Gertrude Jekyll (November 29, 1843 – December 8, 1932), although not formally trained as a gardener, was one of the most influential horticulturists of the last 200 years. Her work helped define the English garden as an art form appreciative of color, plant correlation, and informal, ever-changing structures.
Many years ago I came to the conclusion that in all flower borders it is better to plant in long rather than block-shaped patches. It not only has a more pictorial effect, but a thin long planting does not leave an unsightly empty space when the flowers are done and the leaves have perhaps died down. The word ‘drift’ conveniently describes the shape I have in mind.
Colour Schemes for the Flower Garden is one of the most important of Jekyll’s more than fifteen books, all detailing her own attempts and learnings at gardening in a hands-on, close-up view of her personal skills and preferences. This made her writing more appealing and popular than other prevailing gardening books.
Jekyll structures Colour Schemes for the Flower Garden, published in 1914, by the season —like Oxford gardener Robin Lane Fox, who also structured his more technical but equally delicious gardening book.
By season makes practical sense, you see, gardeners have a unique relationship with time, both ruled by its dictations and striving to exist independently. Novelist Penelope Lively called gardening “beyond the dictation of time.” Time is everything (even though when gardening, we often step outside its tyranny.)
Garden time is measured not by dates or weeks but by events: the first magnolia bloom, the upward thrust of the clematis, when to prune the jasmine. Time can expend abruptly and exhaustively—American poet Mary Oliver noticed in her last collection of poems “The fire in leaf and grass so green it seems each summer the last summer”—or time can graciously repeat itself gloriously. In between time, there is ever more time. 1
When the spring flowers are done, and before the full June days came with the great flag irises and the perennial lupins, there is a kind of mid-season. If it can be given a space of ground it will be well bestowed. I have a place I call the Hidden Garden because it is in a corner that might so easily be overlooked if one did not know where to find it.
Jekyll, like many gardeners who keep to themselves, seemed like someone who hid in plain sight. There has always been a bit of mystery about her. Like the legend that she focused on color because her eyesight was failing. Or the whisper that when asked to sit for painter William Nicholson she declined due to her later-in-life obesity. Nicholson, taking inspiration from van Gogh, who once drew his shoes after walking across London, painted Miss Jekyll’s gardening shoes.
Beyond the lawn and a belt of Spanish chestnut I have a little cottage that is known as the Hut.

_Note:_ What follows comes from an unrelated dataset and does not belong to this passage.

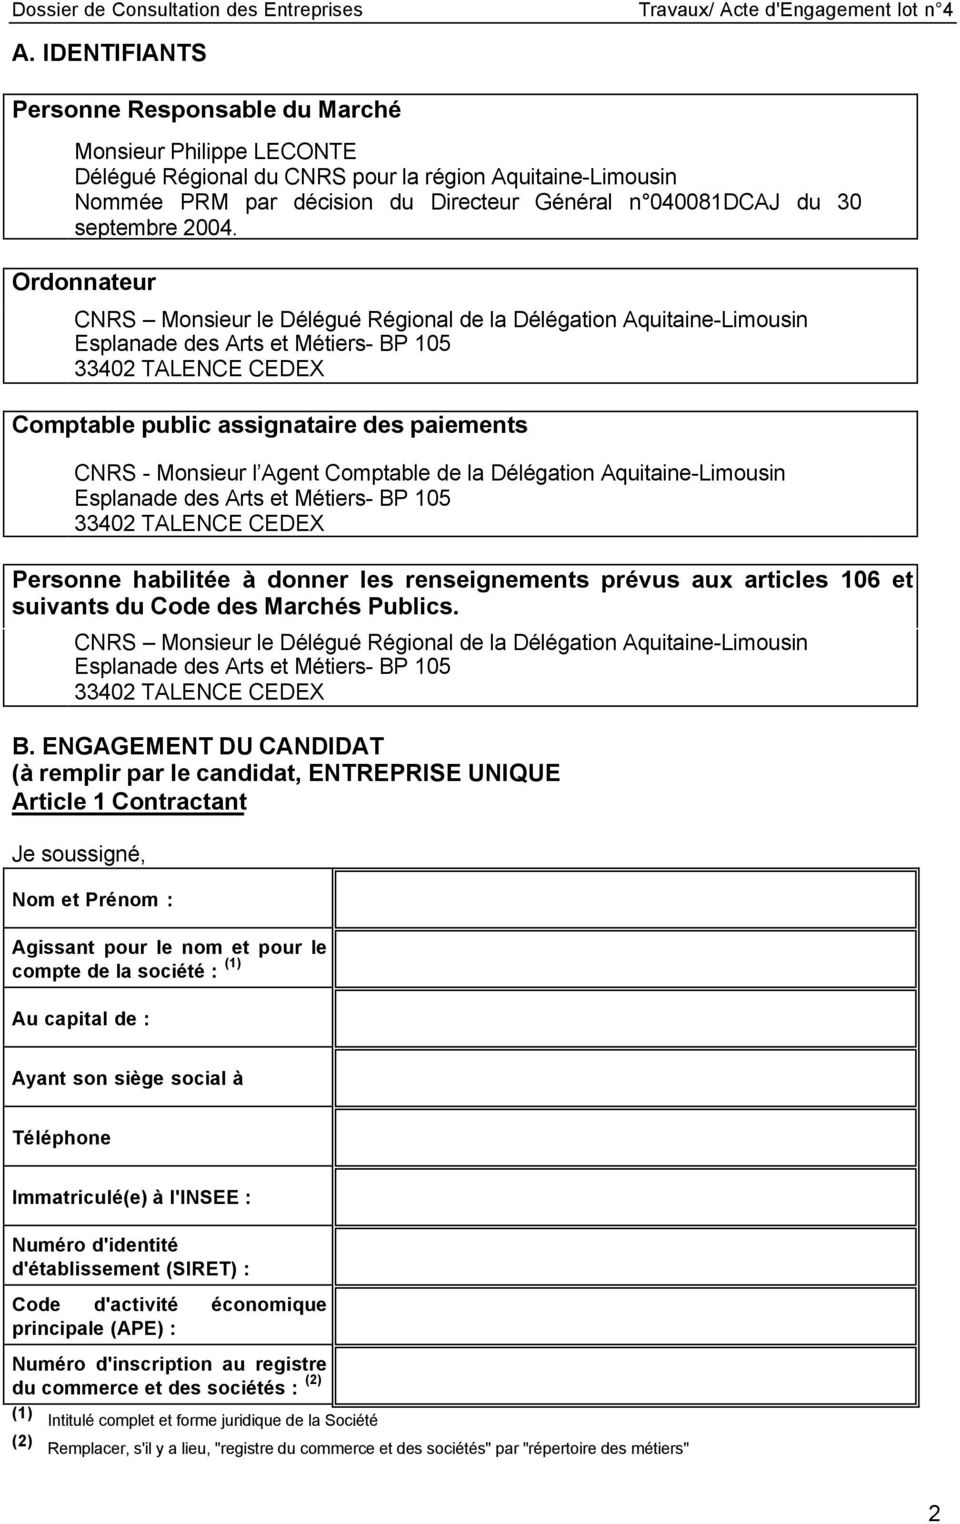 Ordonnateur CNRS Monsieur le Délégué Régional de la Délégation Aquitaine-Limousin Esplanade des Arts et Métiers- BP 105 33402 TALENCE CEDEX Comptable public assignataire des paiements CNRS - Monsieur
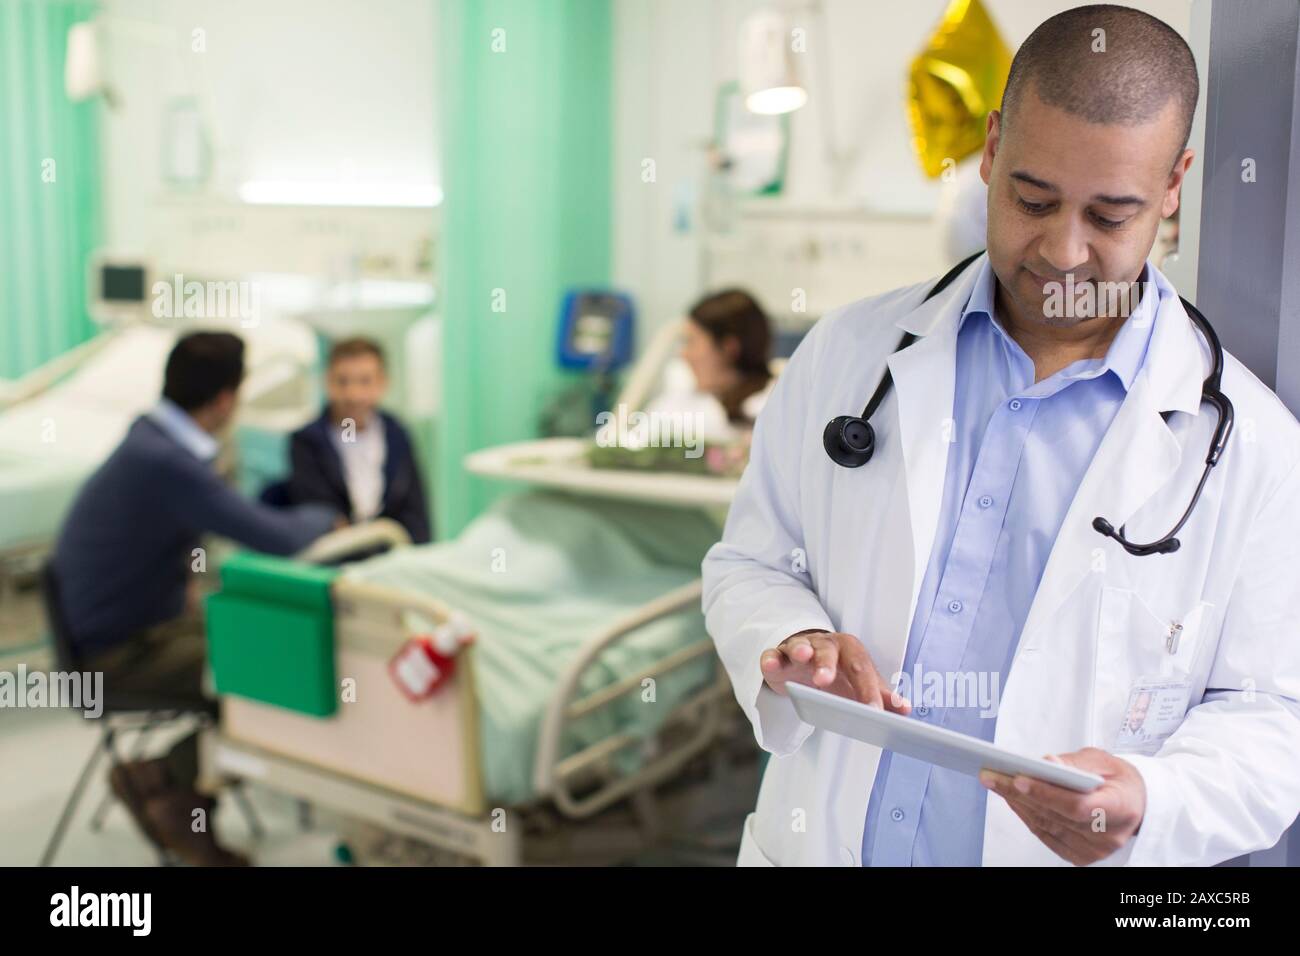 Médecin masculin avec tablette numérique en train de faire des rondes dans le service hospitalier Banque D'Images

I lived in it for two years while my house was building, and may possibly live in it again for the sake of replenishing an over-drained exchequer, if the ideal well-to-do invalid flower-lover or some very quiet summer tenant, to whom alone I could consent to surrender my dear home for a few weeks, should be presented by kind Providence.
Reality is that despite having a few close gardening friends like fellow gardener William Robinson and architect Edwin Lutyens, Jekyll was most at home in the garden. Not in London society, not when writing about herself, but when expressing herself and artistic talents through her love of gardening. Nourishing that inner space through gardening as psychoanalyst/gardener Sue Stuart-Smith explores in her visionary study of gardening and mental health.
That Jekyll happened to write at all is, as she might say, a gift of Providence.
You might wonder why I included a century-old gardening book on this Site. I believe anyone who popularizes words like “drift” in relation to physical space and asks quietly for moments of contemplation deserves to be widely-read.
Gertrude Jekyll’s Colour Schemes for the Flower Garden exudes that rare quality of someone who loves what they do and writes about it carefully, expertly, and in a beckoning manner. Her work belongs in a cluster of blooms with director Sidney Lumet’s Making Movies, Stephen Fry’s warm, inspiring guide to reading and writing poetry, and certainly Rachel Carson’s Sense of Wonder.